El ruido disminuyó junto con el movimiento del barco. El piso seguía inclinándose, pero ahora podíamos estar en pie sin tener que apoyarnos en una pared o aferrarnos a alguna cadena. Poco después, el capitán, seguido de varios tripulantes, se presentó para decirnos que había intentado comunicarse por los altavoces, pero que de seguro el ruido del eje había tapado cualquier otro sonido. Nos explicó que hacía unas horas habíamos entrado en una tormenta, que para mayor seguridad habían tenido que bloquear las compuertas y era por eso que habíamos estado encerrados. Era peligroso que entrase demasiada agua al depósito, o que algún pasajero intentara subir durante la tormenta. Una señora que viajaba en primera clase había caído del barco para ser rescatada una hora más tarde. Tuvimos suerte de que nadie más cayera y de que el barco haya quedado en tan buenas condiciones, dijo; el oleaje es intenso, les recomiendo que aten sus pertenencias y que permanezcan sentados o acostados la mayor parte del tiempo. Cuando el capitán y los tripulantes salieron por la puerta del depósito, la gente, en silencio, comenzó a ordenar las cosas que se habían desparramado por el piso.

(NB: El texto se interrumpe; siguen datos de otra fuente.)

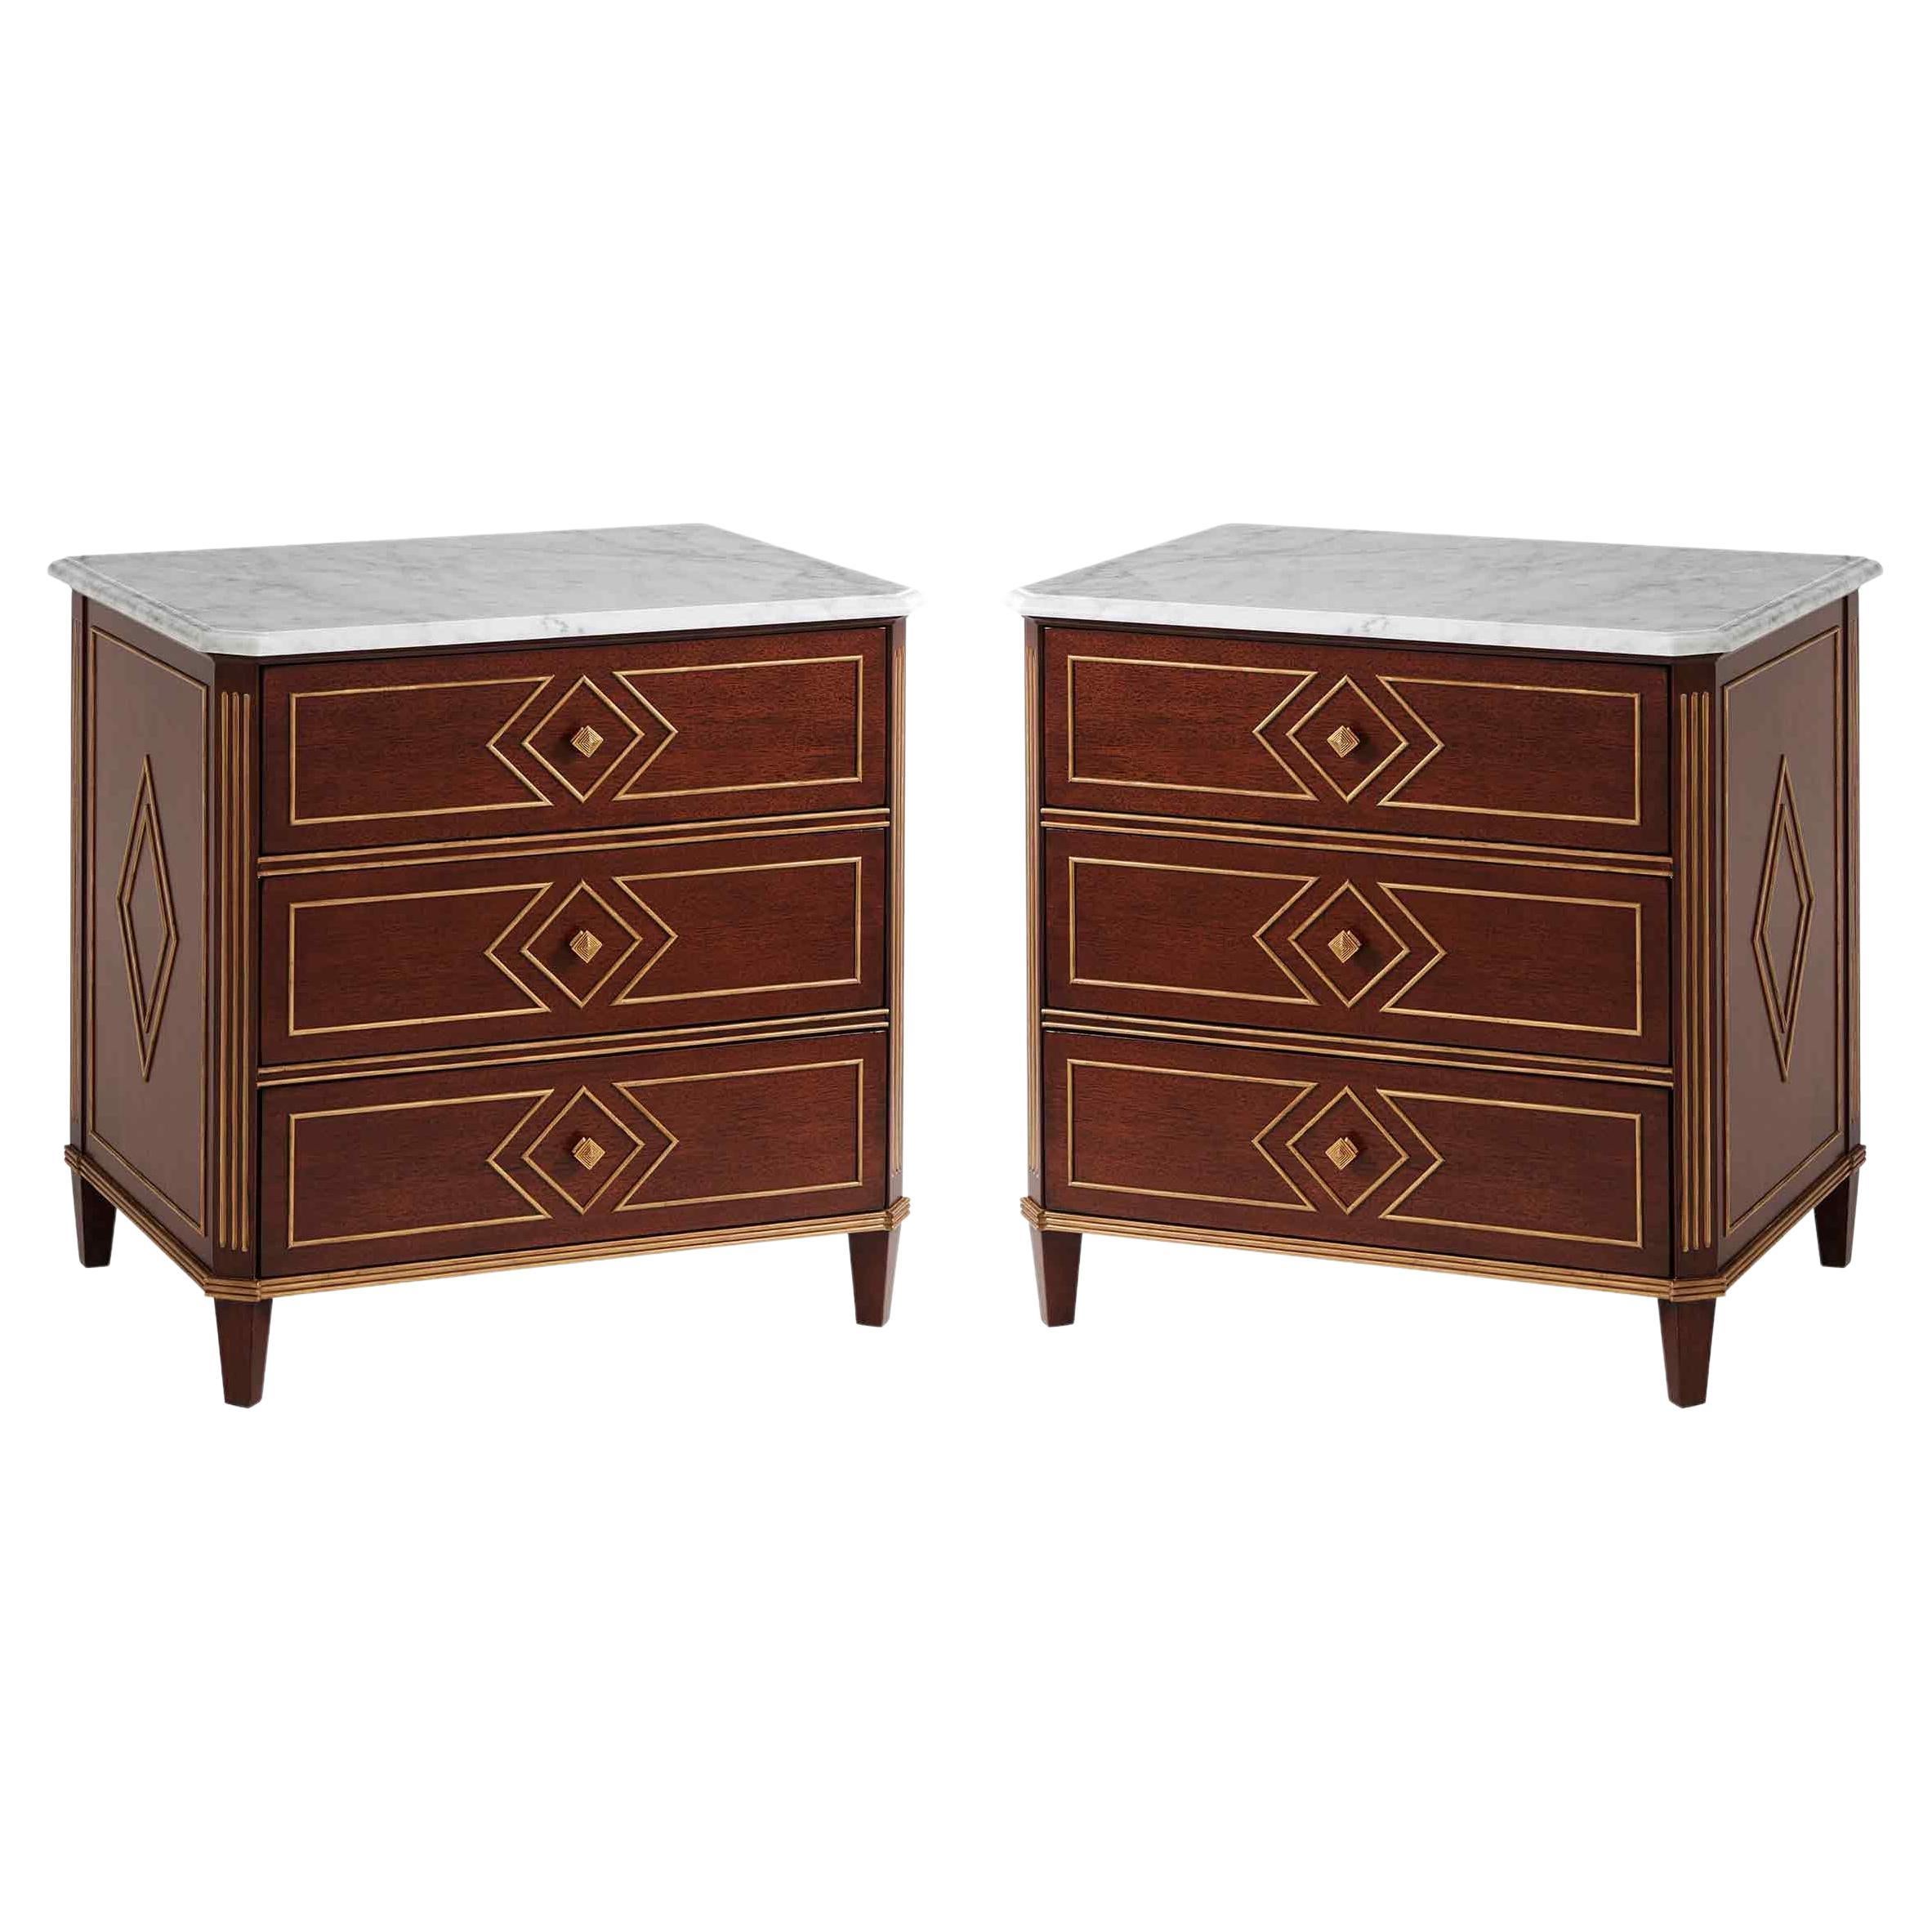 Pair of Russian Neoclassic Style Nightstands For Sale

Me cambié de ropa y le ofrecí a Kiyoshi una camisa seca y un pantalón. Él se quitó su camisa y con un pañuelo secó un collar de plata que le colgaba del cuello. Le dije que para regresar con su abuela era mejor esperar a que fuera de día, que durmiera en mi cama. Yo usaría la de Kei.

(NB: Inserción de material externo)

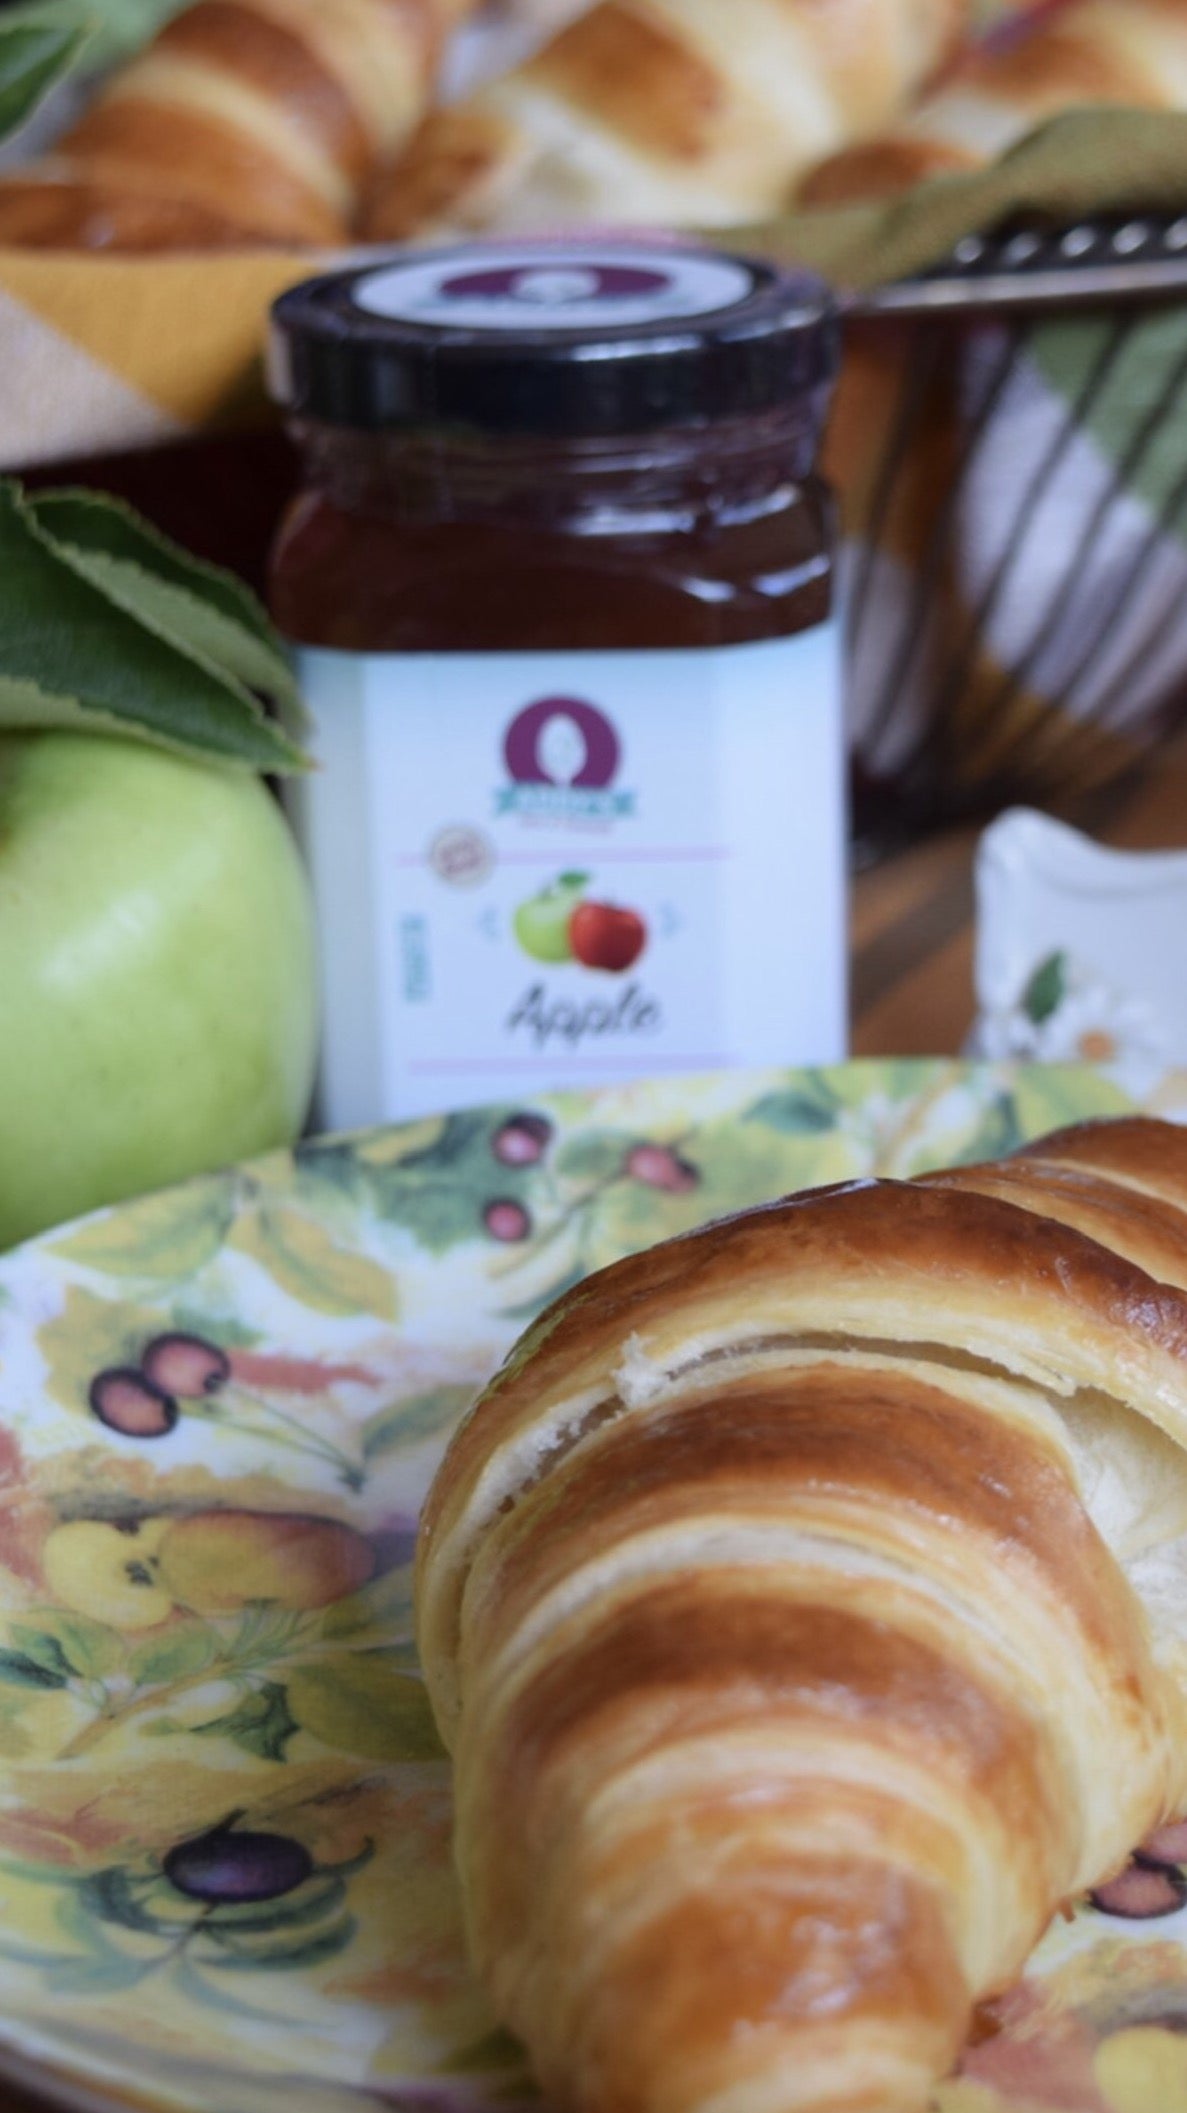 Addy's Apple Jelly

Me despertaron. Kei sonreía. Ve a tu cama, dijo. Le expliqué que allí dormía Kiyoshi, y pregunté cómo le había ido. Bien. Esperaba que dijera algo más, pero se quedó mirándome y me empujó para que le hiciera lugar. Insistí, pero él repitió lo mismo: me fue bien.

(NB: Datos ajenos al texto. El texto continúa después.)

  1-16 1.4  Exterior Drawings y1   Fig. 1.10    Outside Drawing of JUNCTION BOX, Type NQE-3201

Me desperté con un golpe: me había caído de la cama. Me levanté; con el eje junto a mi cabeza vi a otros hombres que también se incorporaban. Me dolía el hombro y la espalda y era extraño que no me doliera nada más: la litera colgaba a más de dos metros de altura y cualquiera podía romperse un hueso al caer desde ahí. Desperté a Kei y fui a buscar a Kiyoshi. Él también se había caído. Con la espalda golpeada, estaba sin aire pero no muy lastimado. Es mejor que vayamos ahora con tu abuela, dije. Cuando se recuperó, salimos a cubierta y vimos el cielo azul y un océano mucho más azul que el cielo. Las olas se levantaban a la altura de nuestra cubierta y rompían contra el casco. El barco escalaba una montaña tras otra, y nos detuvimos a sentir la nueva calma. Le dije a Kiyoshi que debíamos apurarnos. Cuando llegamos a la habitación, la abuela ya estaba levantada y abrazó con fuerza a su nieto, que le contó todo: el juego con el viento, el ruido que hacía doler la cabeza, las telas mojadas para tapar los oídos y cómo todos seguían nuestro ejemplo, la caída y las enormes olas azules tras las enormes olas azules. La señora me agradeció por cuidar del chico y preguntó si me quedaría a desayunar. No, gracias, quiero ver a mi amigo, dije.